Even before the Shanghai crisis, Xi sounded embattled. Officials have lately suggested that criticising the Covid policy amounts to disloyalty to Xi or called stamping out cases "a political duty that takes precedence over everything."
"Countless facts tell us that we can win respect and initiative only if we show the spirit of brave fighters defeating our foes face to face on a narrow path, daring to struggle, mastering struggle," Xi told officials at the Party School in early March.
Last week, Xi promised to prop up China's growth with an influx of infrastructure spending, and Friday the Politburo said the government would stabilise the economy while extinguishing Covid cases.
"Persist with dynamic zero, protecting people's lives and health to the maximum extent, while reducing the impact of the pandemic on economic and social development to a minimum," read the Xinhua News Agency's summary of the Politburo meeting.
But an increasingly vocal group of Chinese economists and business leaders argue that damage from shutdowns will be harder to cure. The chronic uncertainty over when it is possible to travel, spend, buy property or invest in business has damaged consumer and company confidence.
The solution, they argue, is to accelerate the rollout of more vaccines and treatments, and to make sure that older people and other vulnerable groups are vaccinated — allowing more flexibility when infections break out.

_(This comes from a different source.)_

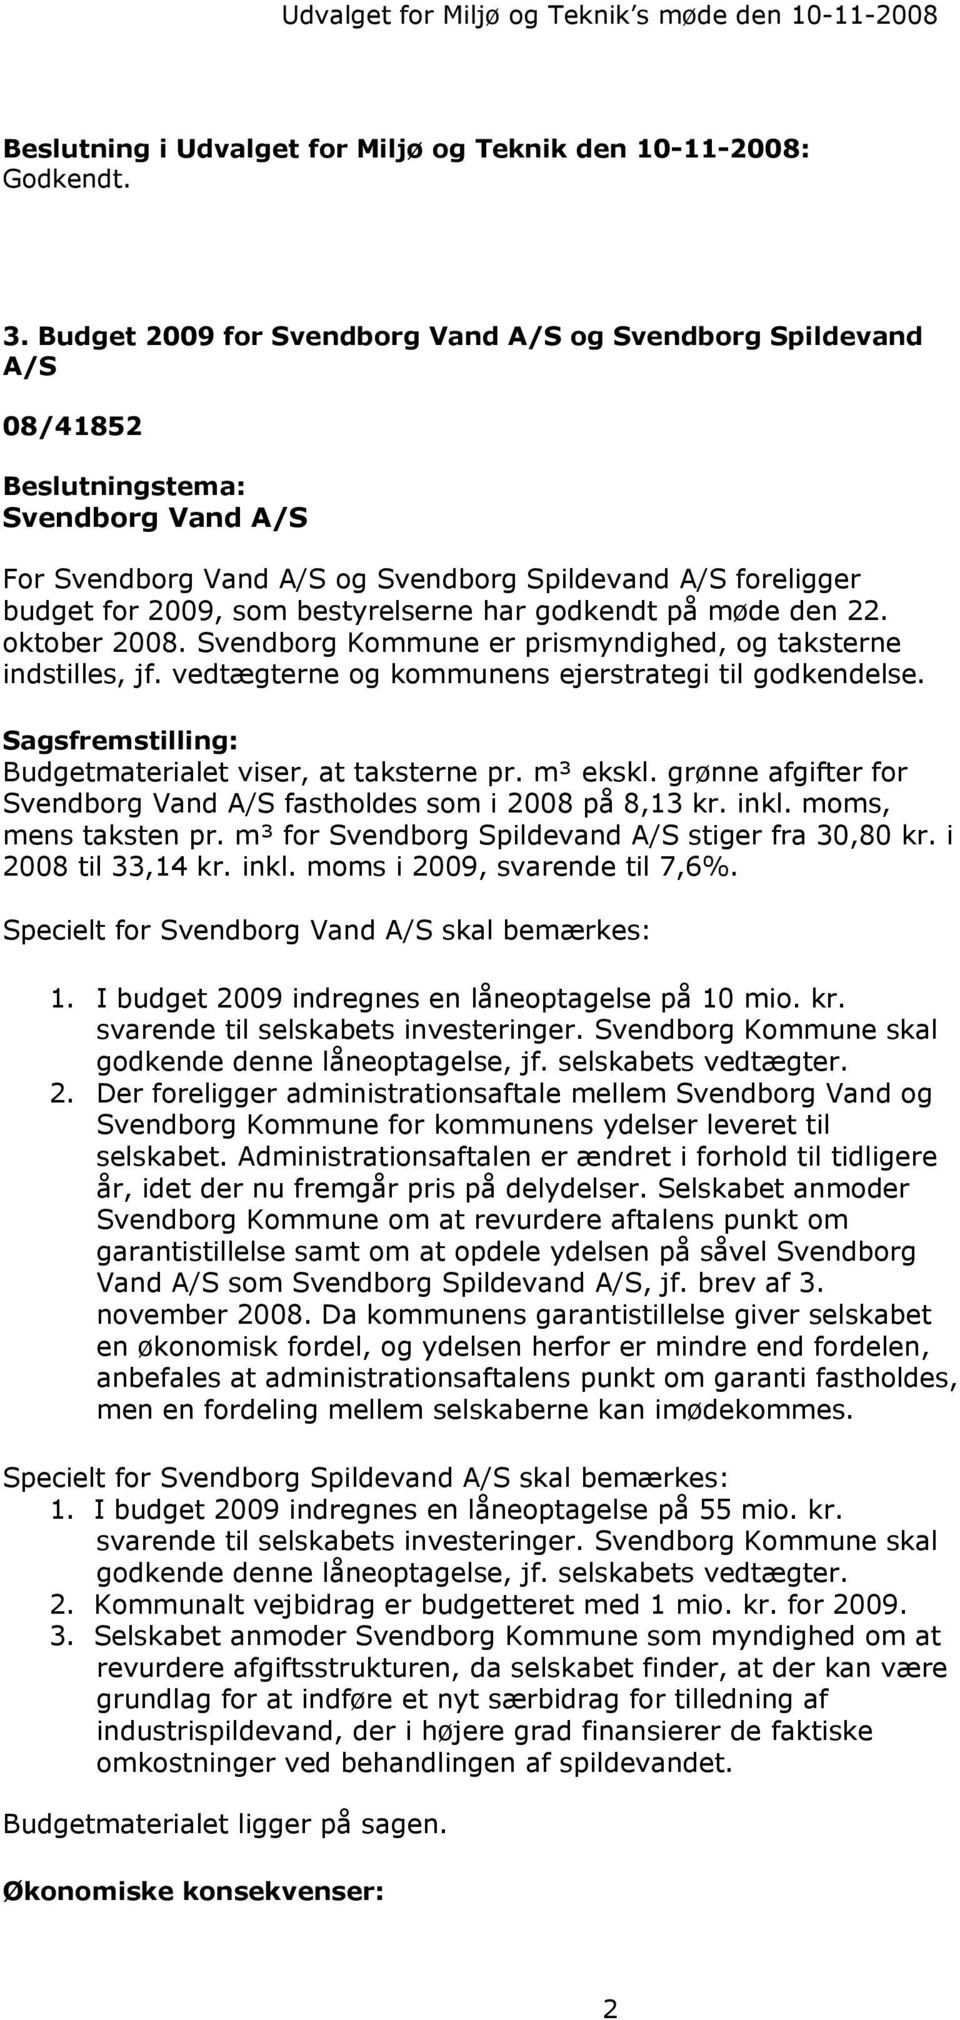 bestyrelserne har godkendt på møde den 22. oktober 2008. Svendborg Kommune er prismyndighed, og taksterne indstilles, jf. vedtægterne og kommunens ejerstrategi til godkendelse.

"The dynamic zero policy that we're enforcing is increasingly costly and increasingly ineffective," Lu Ting, chief China economist at Nomura Holdings, said in a speech last month that was widely shared on Chinese social media.

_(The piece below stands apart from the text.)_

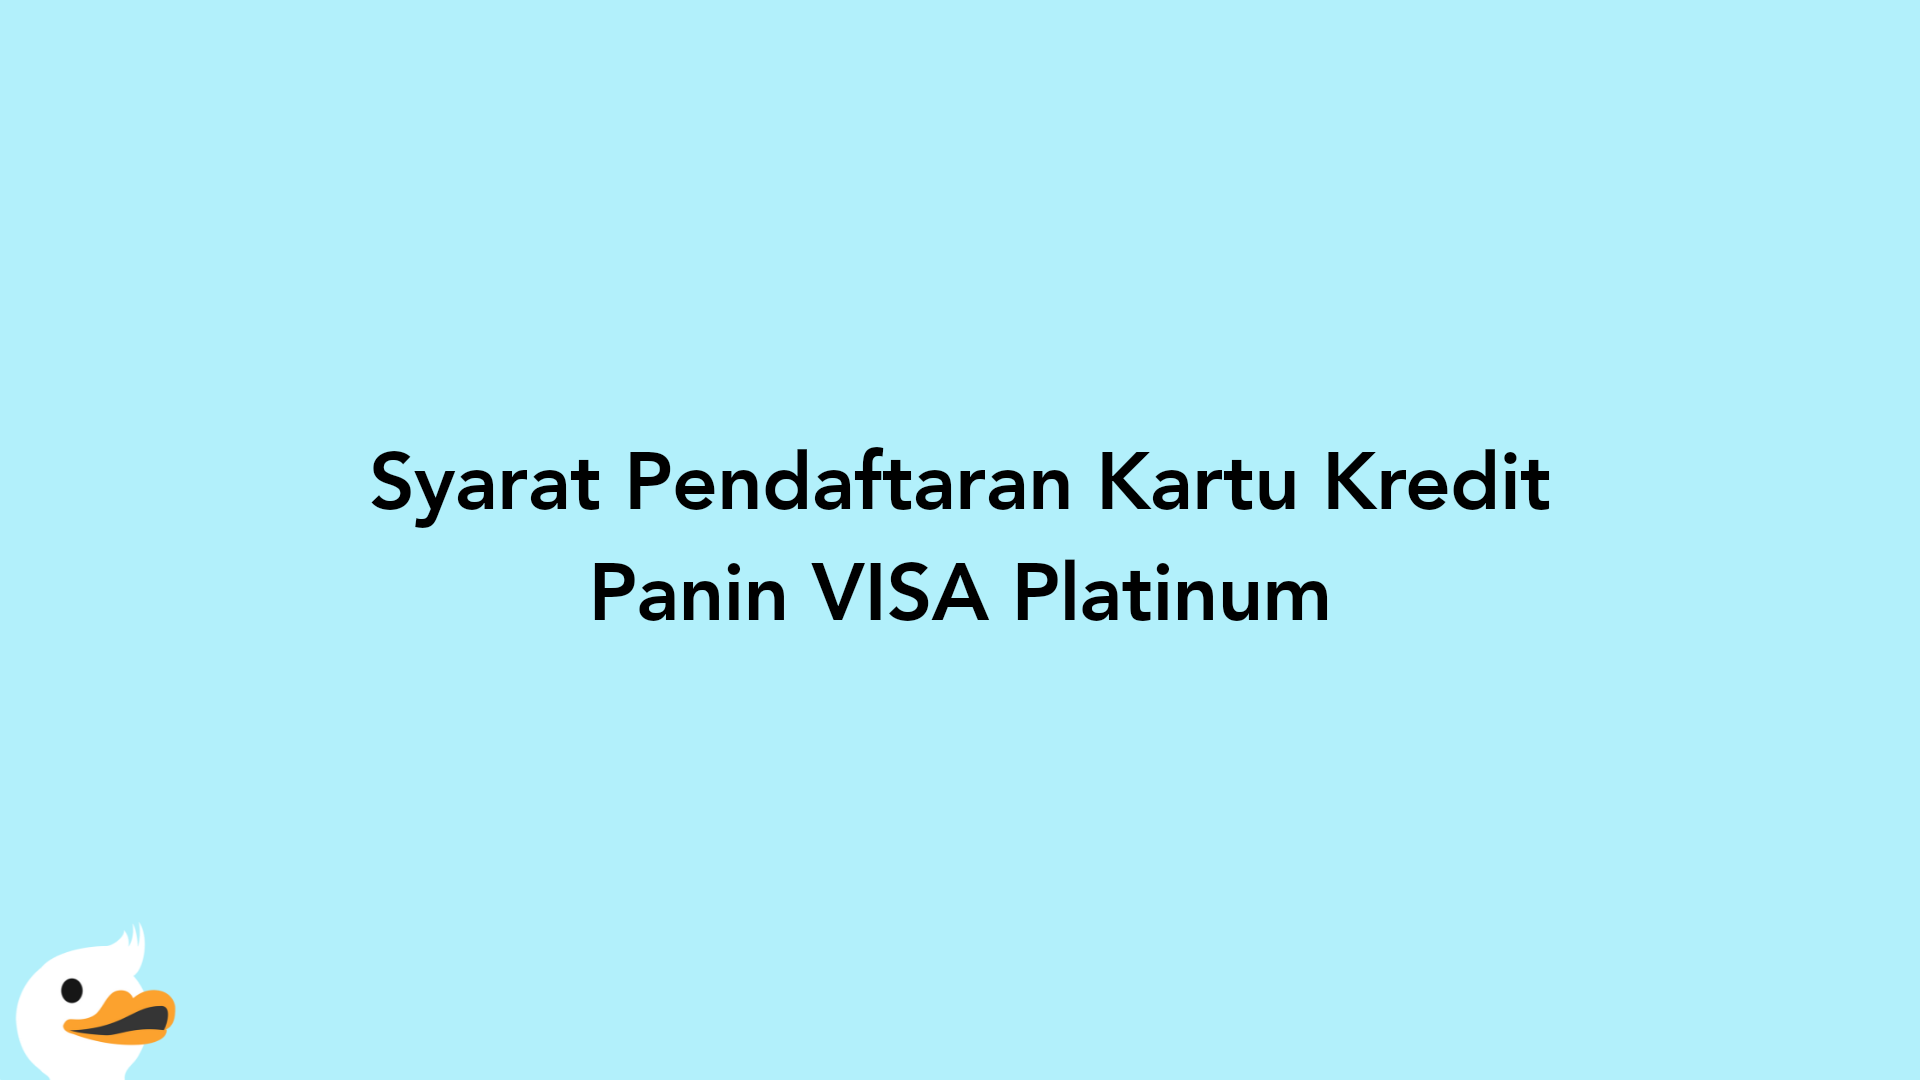 Syarat Pendaftaran Kartu Kredit Panin VISA Platinum

"After more and more people understand that the economic costs are too high and unsustainable, change will come more easily," Lu said in a telephone interview.
Easing from zero Covid may be politically harder than some critics assume.
Xi has made China's relatively few deaths from Covid — nearly 5,000, mostly in the early months of the pandemic — a core of his argument that the Communist Party is more effective at government than any liberal democracy.
But barely more than half of Chinese people 80 and older have had two vaccine shots, and fewer than 20 per cent of people in that age group have received a booster, Zeng Yixin, a vice minister of the National Health Commission, said last month.
Depending on the death rate used for calculations, fatalities in China from an unfettered spread of omicron could be between 100,000 and 840,000, said Yanzhong Huang, a senior fellow for global health at the Council on Foreign Relations. Even deaths on a smaller scale could ignite public anger.
"They don't want to live with the virus, but they have to live with the policies they have," Huang said. "It's a real dilemma."
Xi appears to be wagering that he can beat down the infections in Shanghai and hold China to zero Covid until after the party congress when some easing may be possible. For now, officials are swaddling Xi in effusive propaganda.
During a recent visit to Renmin University in Beijing, Chinese state television lingered on the hundreds of cheering students. Before Guangxi region in southern China announced that Xi would be one of its delegates to the party congress, it issued reports that villagers there were being given small red books of Xi's thoughts — an echo of Mao Zedong's "little red book."
"With Xi Jinping at the helm, he will gather together even more of the majestic power of this era," read the Xinhua state news agency's report from Guangxi on Xi's selection. It did not mention Covid.